What needs to be done
Leave every picture out, and give again exactly the lines from the one containing "Čipkované svadobné šaty" through the end of the listing.

--------

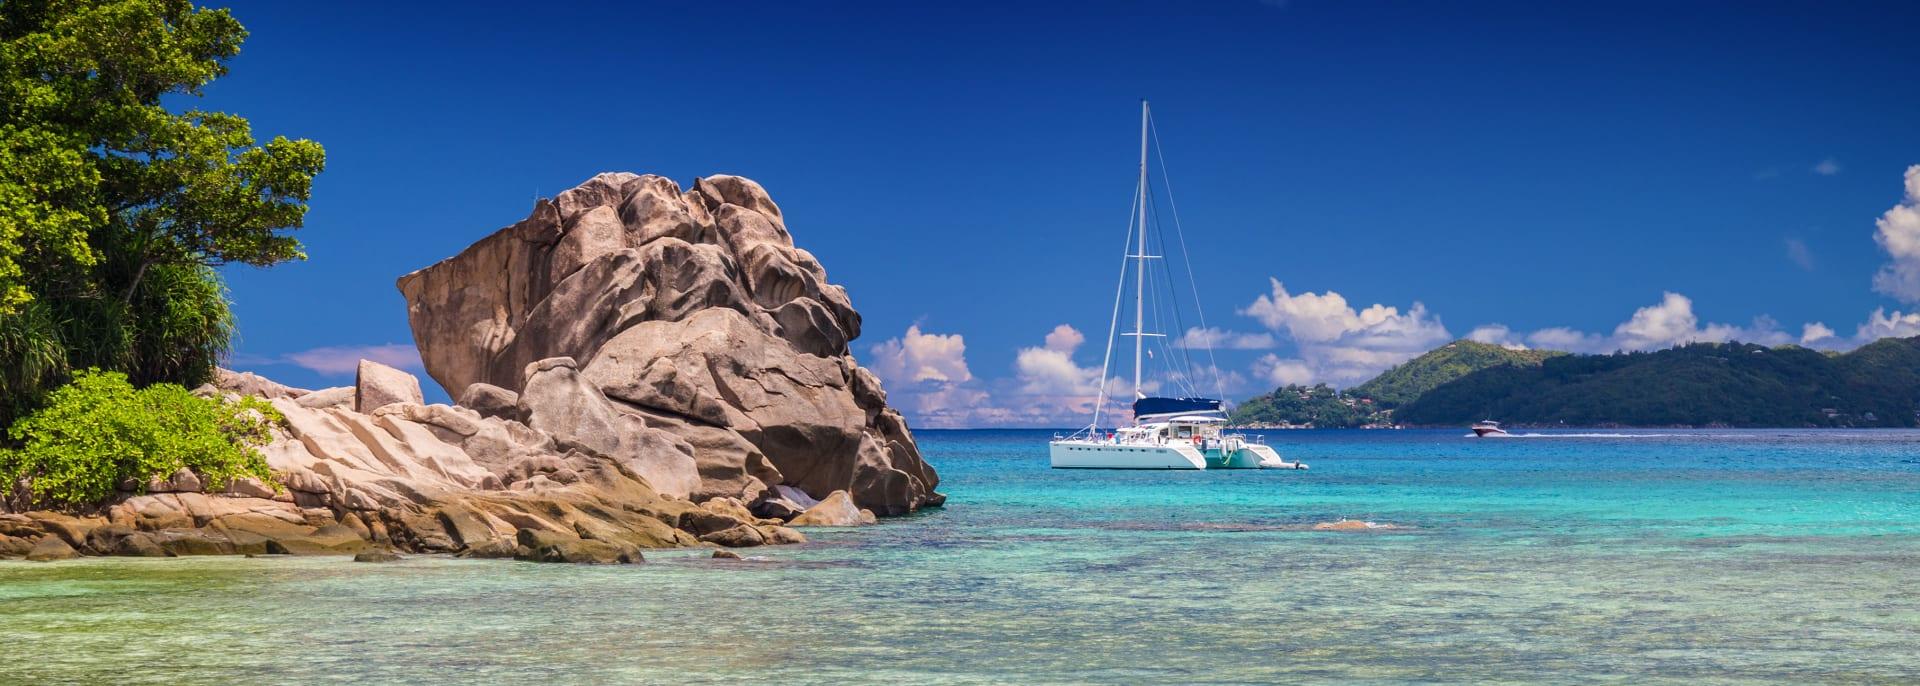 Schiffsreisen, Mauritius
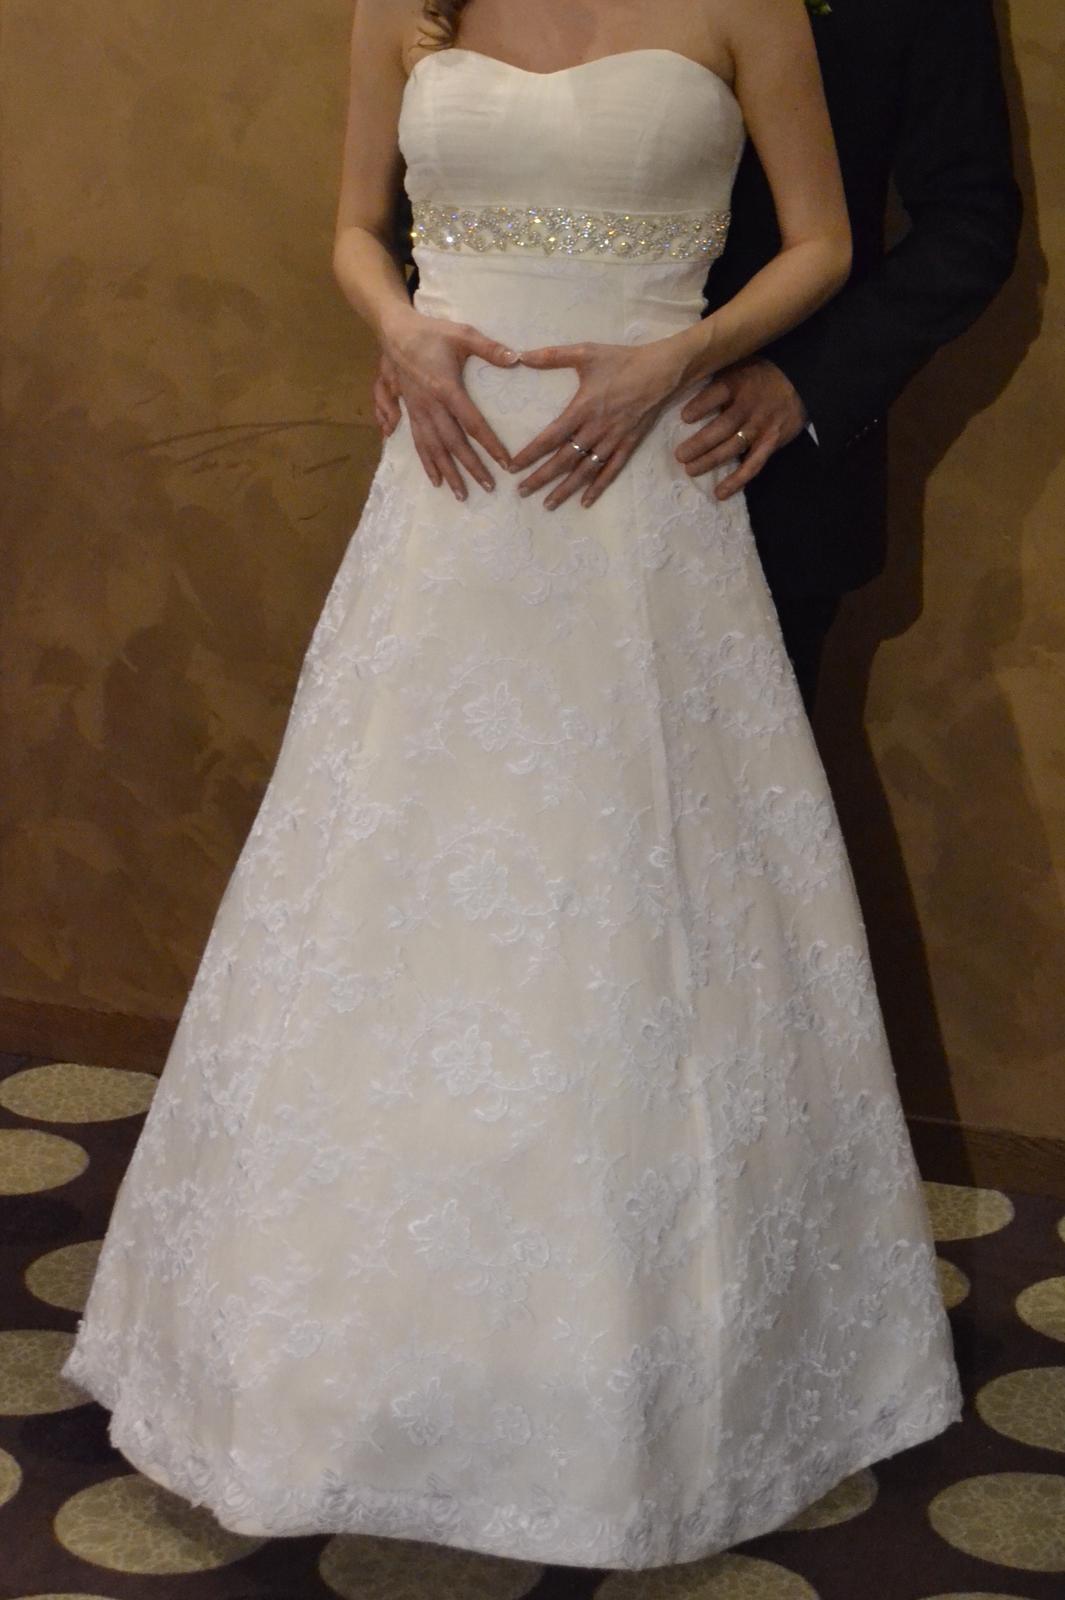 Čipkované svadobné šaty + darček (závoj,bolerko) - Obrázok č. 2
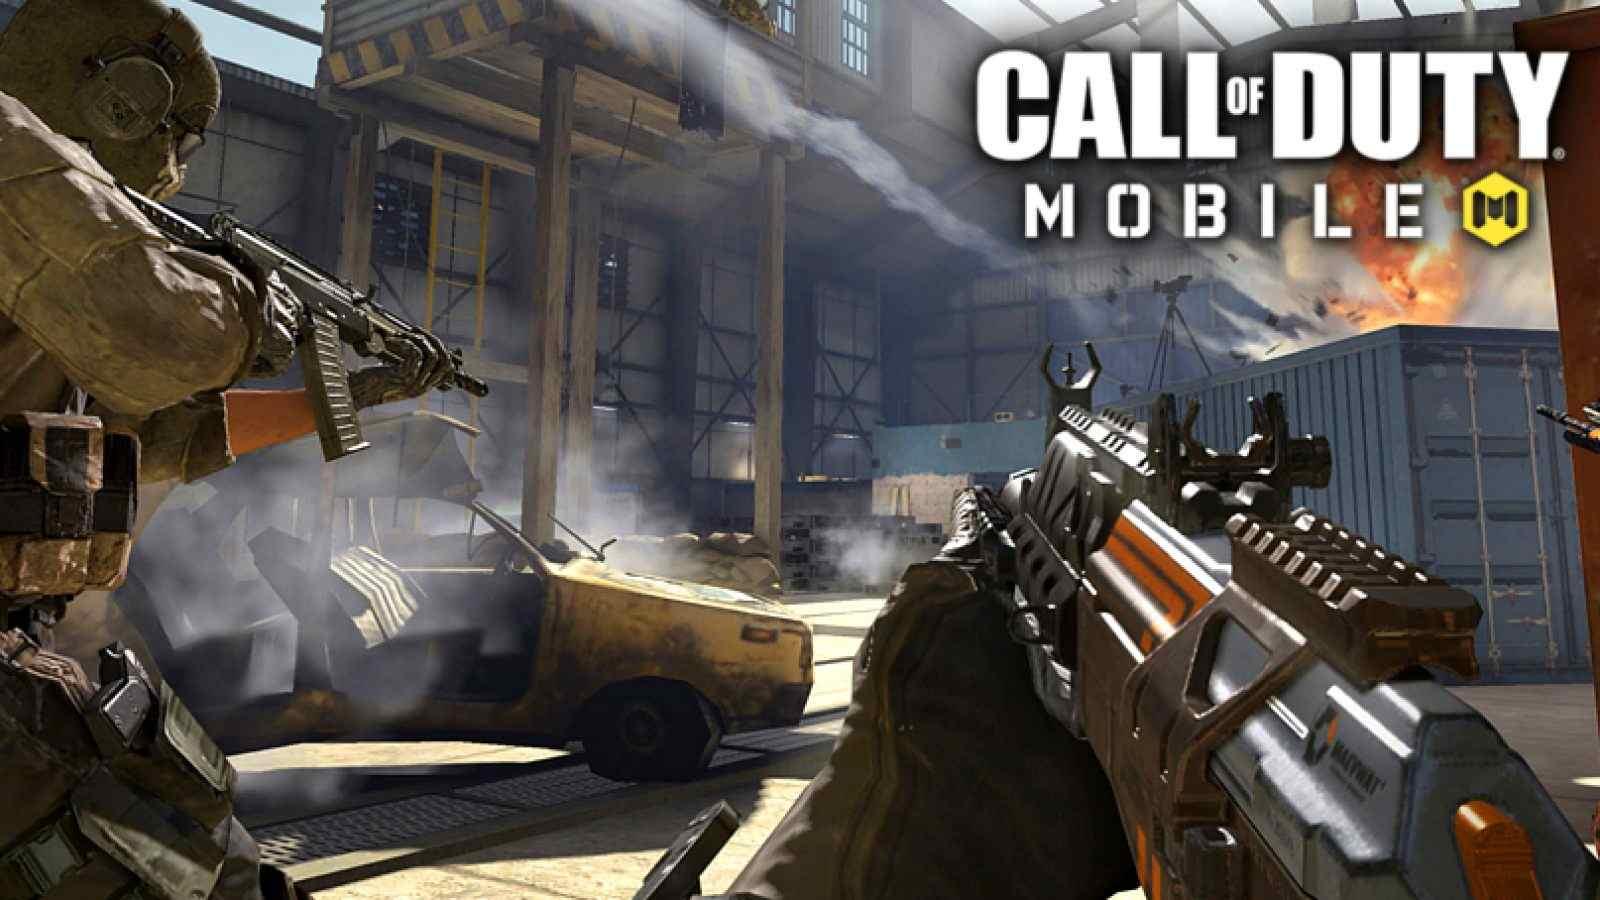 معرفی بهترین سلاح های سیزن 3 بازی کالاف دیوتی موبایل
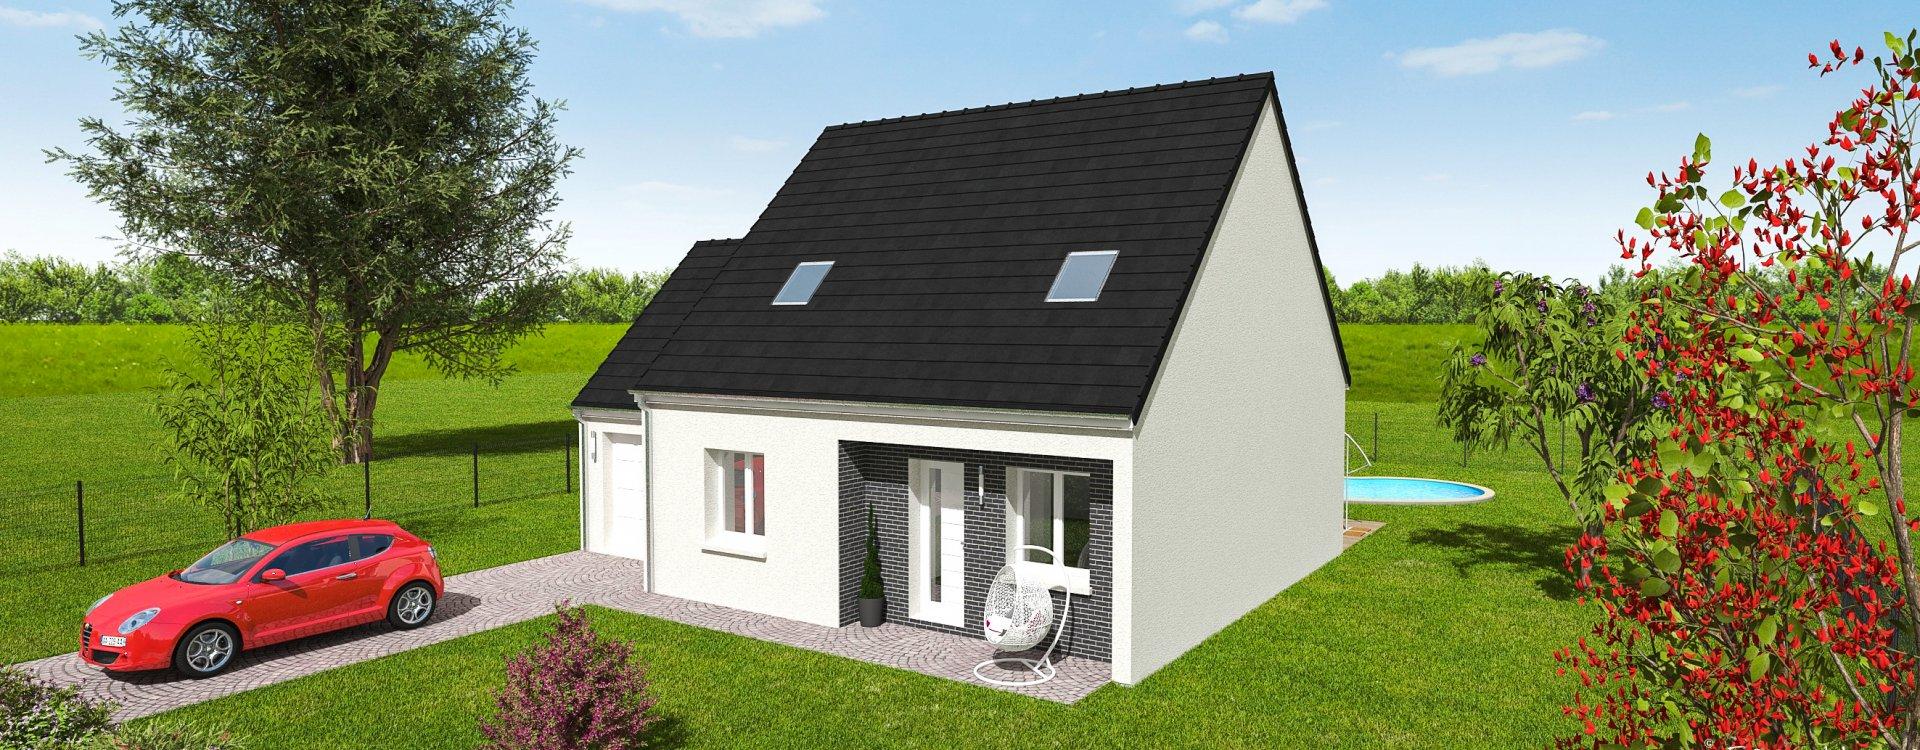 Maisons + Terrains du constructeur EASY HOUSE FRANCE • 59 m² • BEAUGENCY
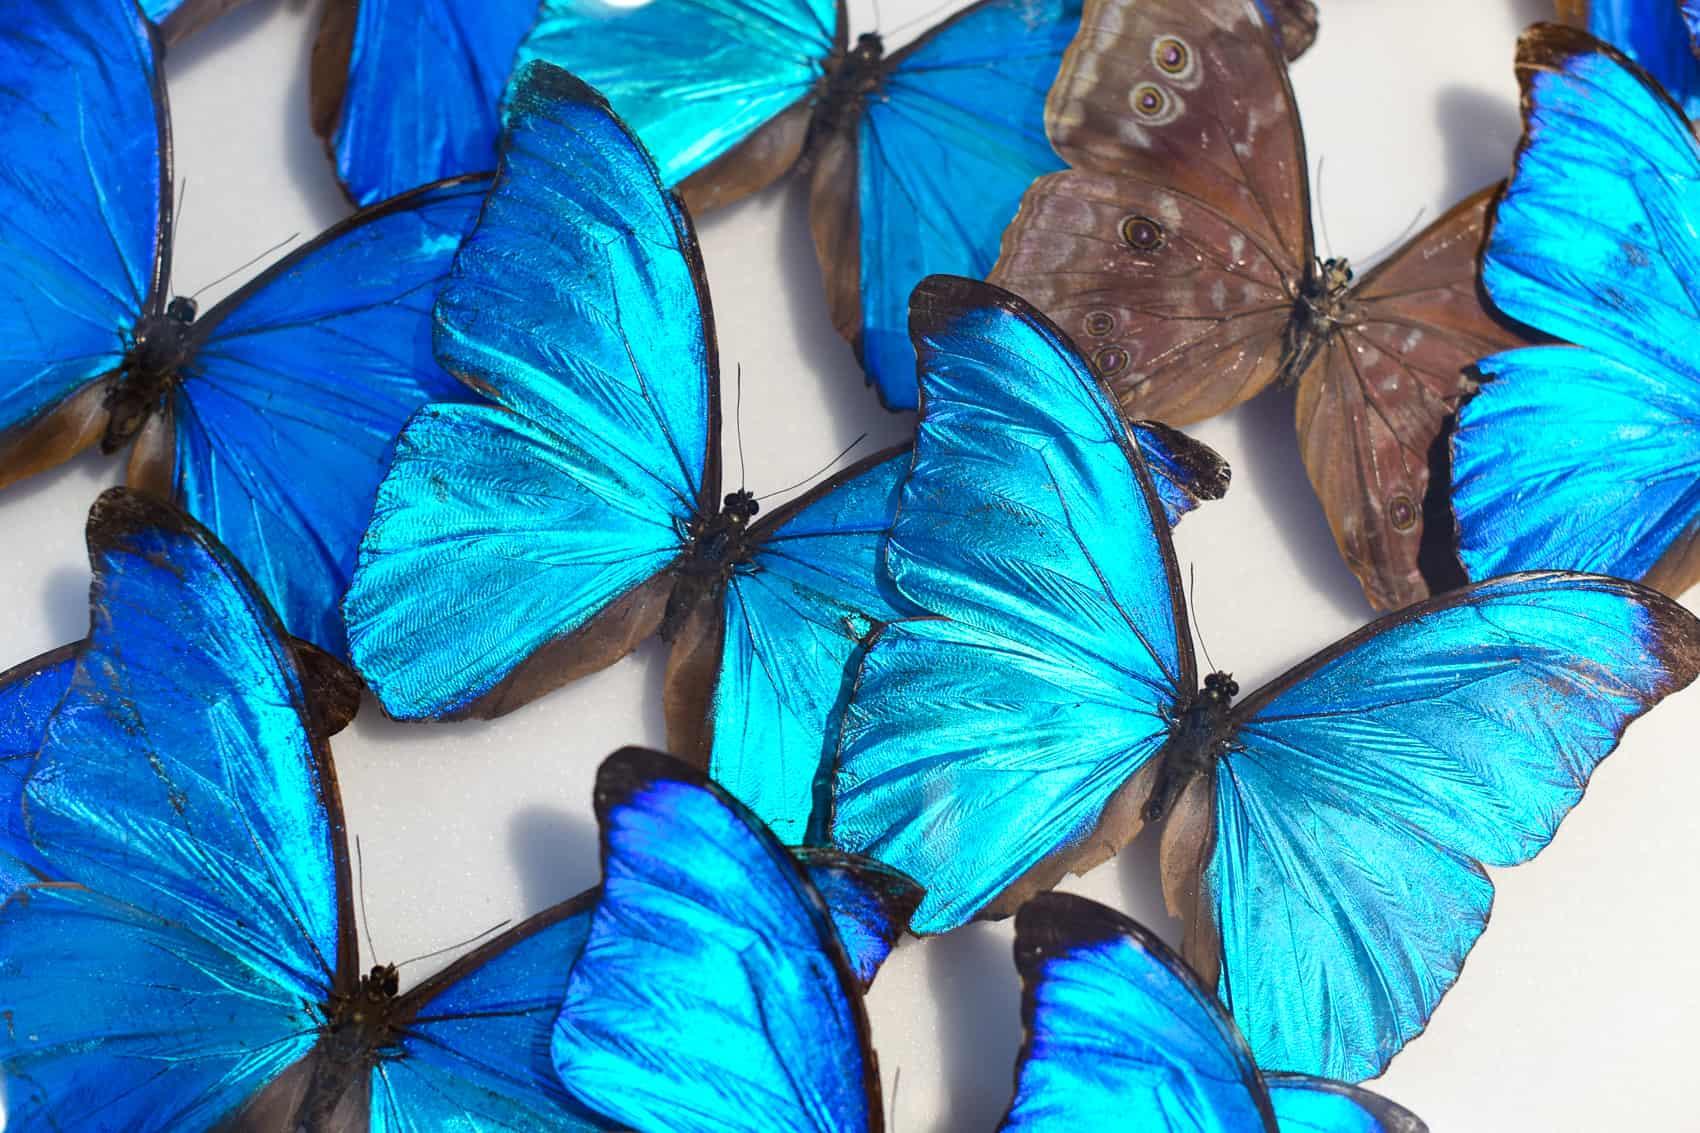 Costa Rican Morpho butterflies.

--------

Answer
 Čipkované svadobné šaty + darček (závoj,bolerko) - Obrázok č. 2
 معرفی بهترین سلاح های سیزن 3 بازی کالاف دیوتی موبایل
 Maisons + Terrains du constructeur EASY HOUSE FRANCE • 59 m² • BEAUGENCY
 Costa Rican Morpho butterflies.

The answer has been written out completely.